Ähnlich argumentiert auch Karin Kneissl. Sie hat in ihrem Buch "Der Energiepoker" die Hintergründe des Ölgeschäftes analysiert:
Die Tatsache, dass genügend Rohöl auf dem Weltmarkt sei, würde ich unterschreiben. Aber Faktum ist, dass ab dem Moment, ab dem sich Termingeschäfte vom Produktbereich in den Rohölbereich hineinbewegt haben, Öl einfach immer stärker zum Spekulationsobjekt geworden ist, das heißt die Preise steigen auch dann, wenn sich physisch am Markt nichts wesentlich geändert hat.
Fragt sich nur, warum Öl und viele andere Rohstoffe in den letzten Jahren zum Spekulationsobjekt geworden sind. Denn Anleger und Spekulanten schließen ja nicht aus Jux und Tollerei riskante Wetten auf Rohstoffpreise ab. Ihr Kalkül lautet:
Spekulieren ist experimentieren mit dem Zufall.
Michael Heise, Chefvolkswirt des Allianz-Konzerns, sieht eine Ursache der Rohstoffrallye im billigen Geld, mit dem viele Notenbanken die Finanzmärkte in den vergangenen Jahren geflutet haben, bis sie langsam begannen, die überflüssige Geldmenge wieder abzuschöpfen:
Die amerikanische Zinspolitik hat ja auch auf andere Notenbanken gewirkt, und eben in Asien dazu beigetragen, dass die Notenbanken genau so expansiv gefahren sind, auch die europäische Zentralbank ist viele Jahre expansiv gewesen jetzt, im Endeffekt sind sehr große Finanzmittel in die Märkte hineingeschwemmt worden, die ihre Anlage gesucht haben in verschiedenen Marktsegmenten, überall stellen wir diese kräftigen Preissteigerungen fest, die eben mit dieser hohen Liquidität zusammen hängen.

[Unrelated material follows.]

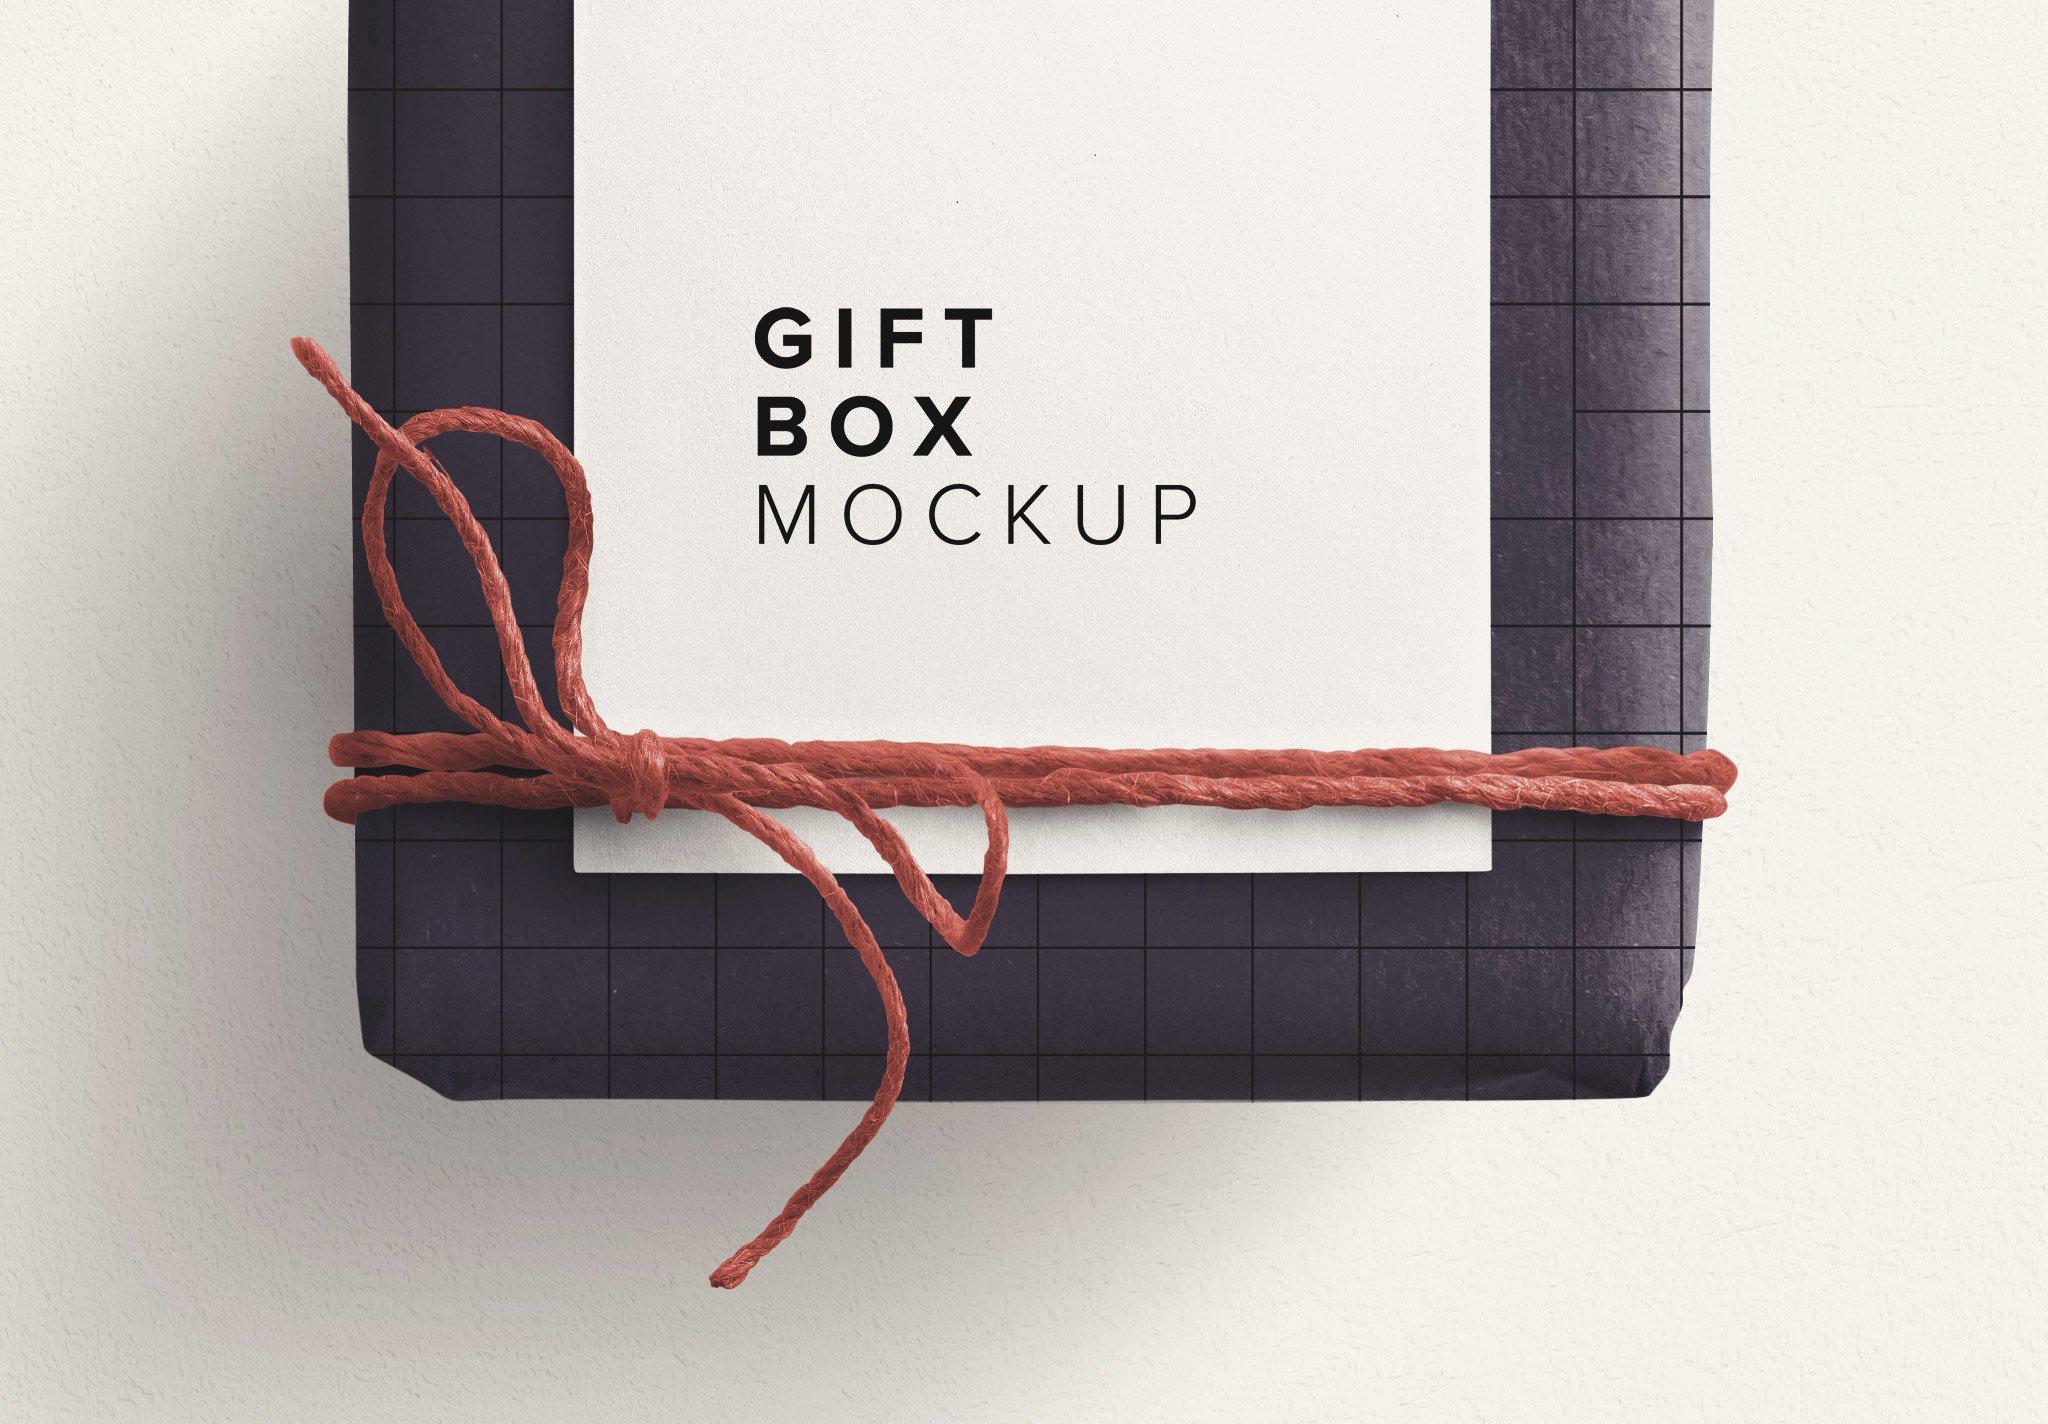 gift box mockup w twine n gift tag image03

So meldete die Süddeutsche Zeitung noch am 13.Mai 2006:
Allein die Vereinigten Staaten, Herausgeber der Weltreservewährung Nummer Eins, haben seit den Terroranschlägen im September 2001 die Dollar-Geldmenge um knapp 40 Prozent auf gute 10 Billionen Dollar erhöht - eine Steigerungsrate, die etwa doppelt so hoch ist wie das ausgewiesen Wirtschaftswachstum in dieser Zeit.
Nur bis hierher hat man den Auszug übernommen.